After moving the chair from the door I left in search of firewood. A long forgotten pile sat behind the shed. Old rainwater clung to the logs along the top. Pulling my father’s rusty axe from a nearby stump, I used it as a lever to dislodge the dry pieces beneath. The smell of the woods was nice. Carrying a small load of wood, I made my way back to the door. Cassie was watching me through a window, her silhouette just barely visible as the sunset reflected from the pane in bright pinks and dull purples. I smiled. Even her silhouette was beautiful. In a few weeks, with a little more flesh on her bones, she’d be dazzling.
And then I felt it.
Draining from my ear.
I dropped the wood. My hand trailed up, touching the side of my face. My fingers were tipped with red.
Cassie ran out, slamming the door against the frame. She tried to grab my shoulders, but I pushed her back. “Cassie!

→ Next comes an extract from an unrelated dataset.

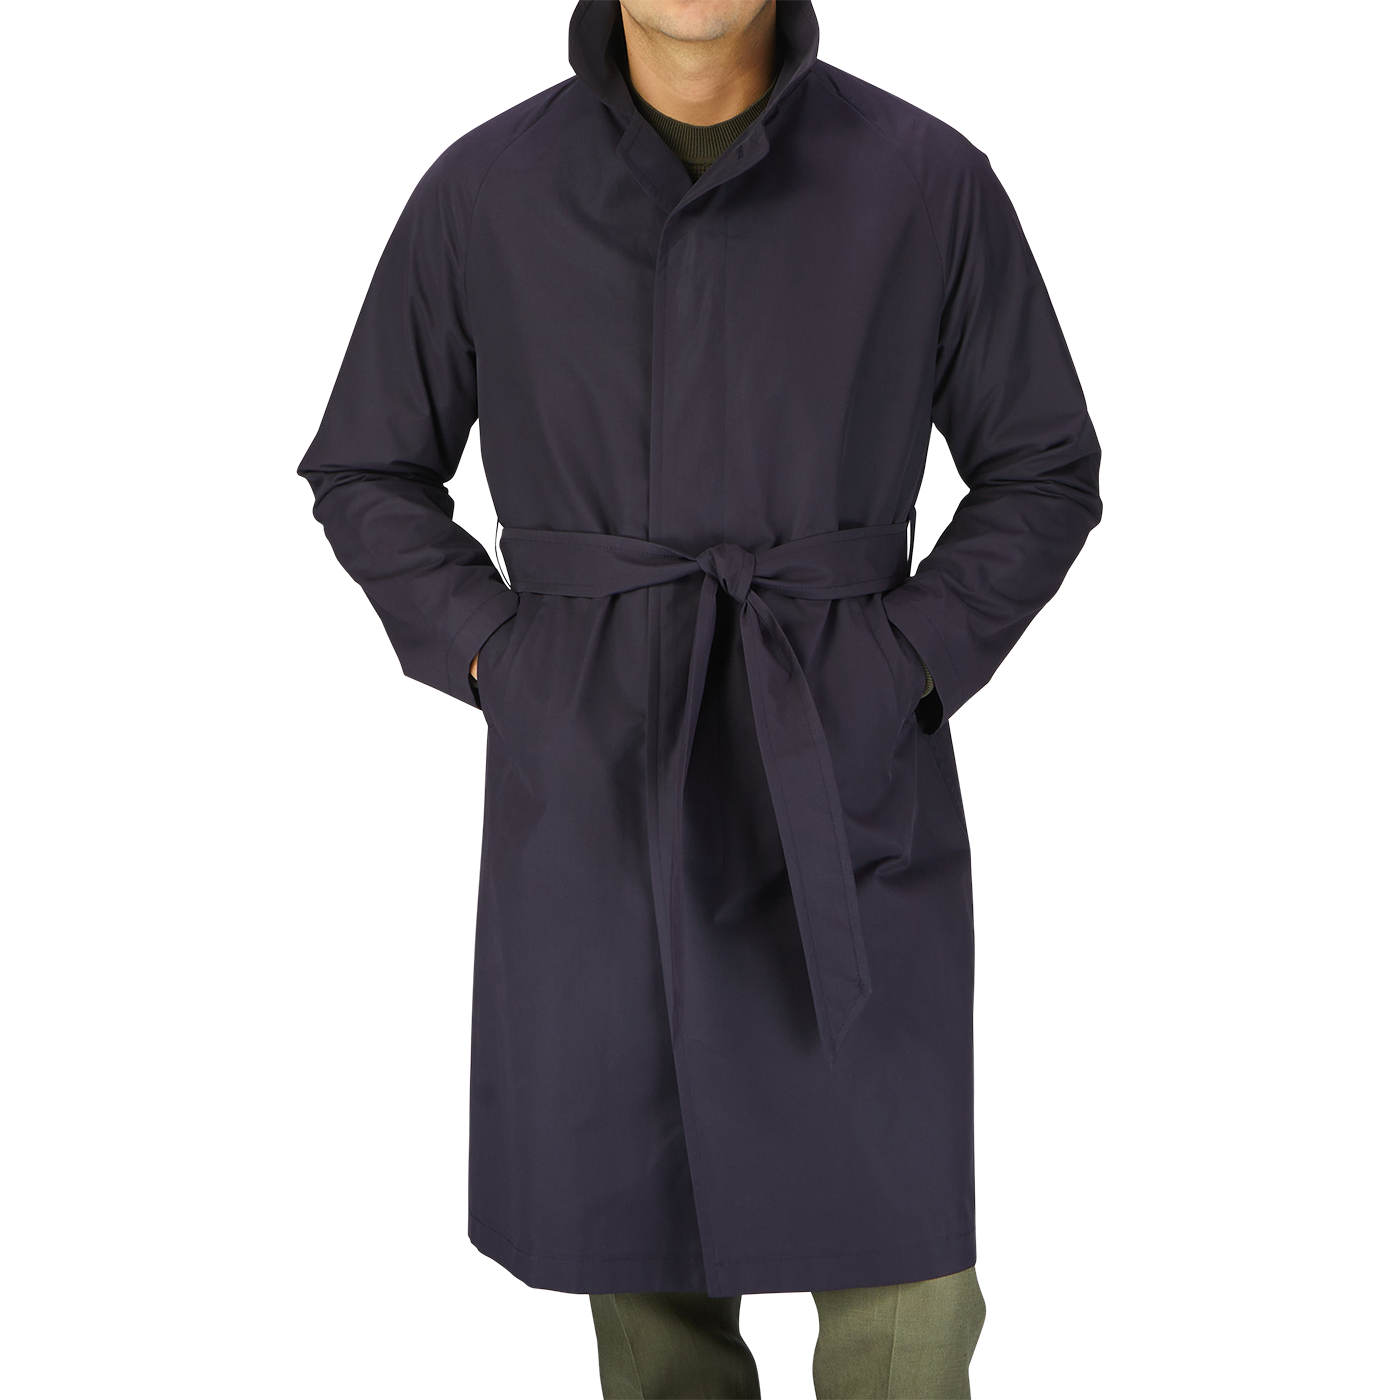 A man wearing a Tagliatore Navy Blue Cotton Nylon Trench Coat with a belt.

You . . . you’re a carrier?”
She sobbed, hitting my chest. “I said I was sorry.”
“For . . . this? You knew you would infect me?
“I—couldn’t be alone anymore.” She grabbed my shirt, pulling me to face her. “I thought maybe it would be safe, after all these years. It was so long since the others died on the boat.”
My skin felt numb. “The others . . . didn’t starve did they?”
She shook her head, not meeting my eye. “I did it.” The words were soft. Barley audible.
“Please . . . I–I didn’t know there were so many of you.”
I raked a hand through my hair and thought of the first time I’d touched her on board the boat. The tear I’d wiped from her cheek.
My handshake with Oliver.
Cassie wiped her face with the back of her arm. “I just needed to be around people again.” She grabbed my hand. “I needed to feel real.”
I sat down on the ground and looked up at the shoes dangling from the power line at the end of the driveway. “You killed us all, Cassie.”
“I’m . . . sorry.”
I refused to answer.
The end. It was hard to spot at first.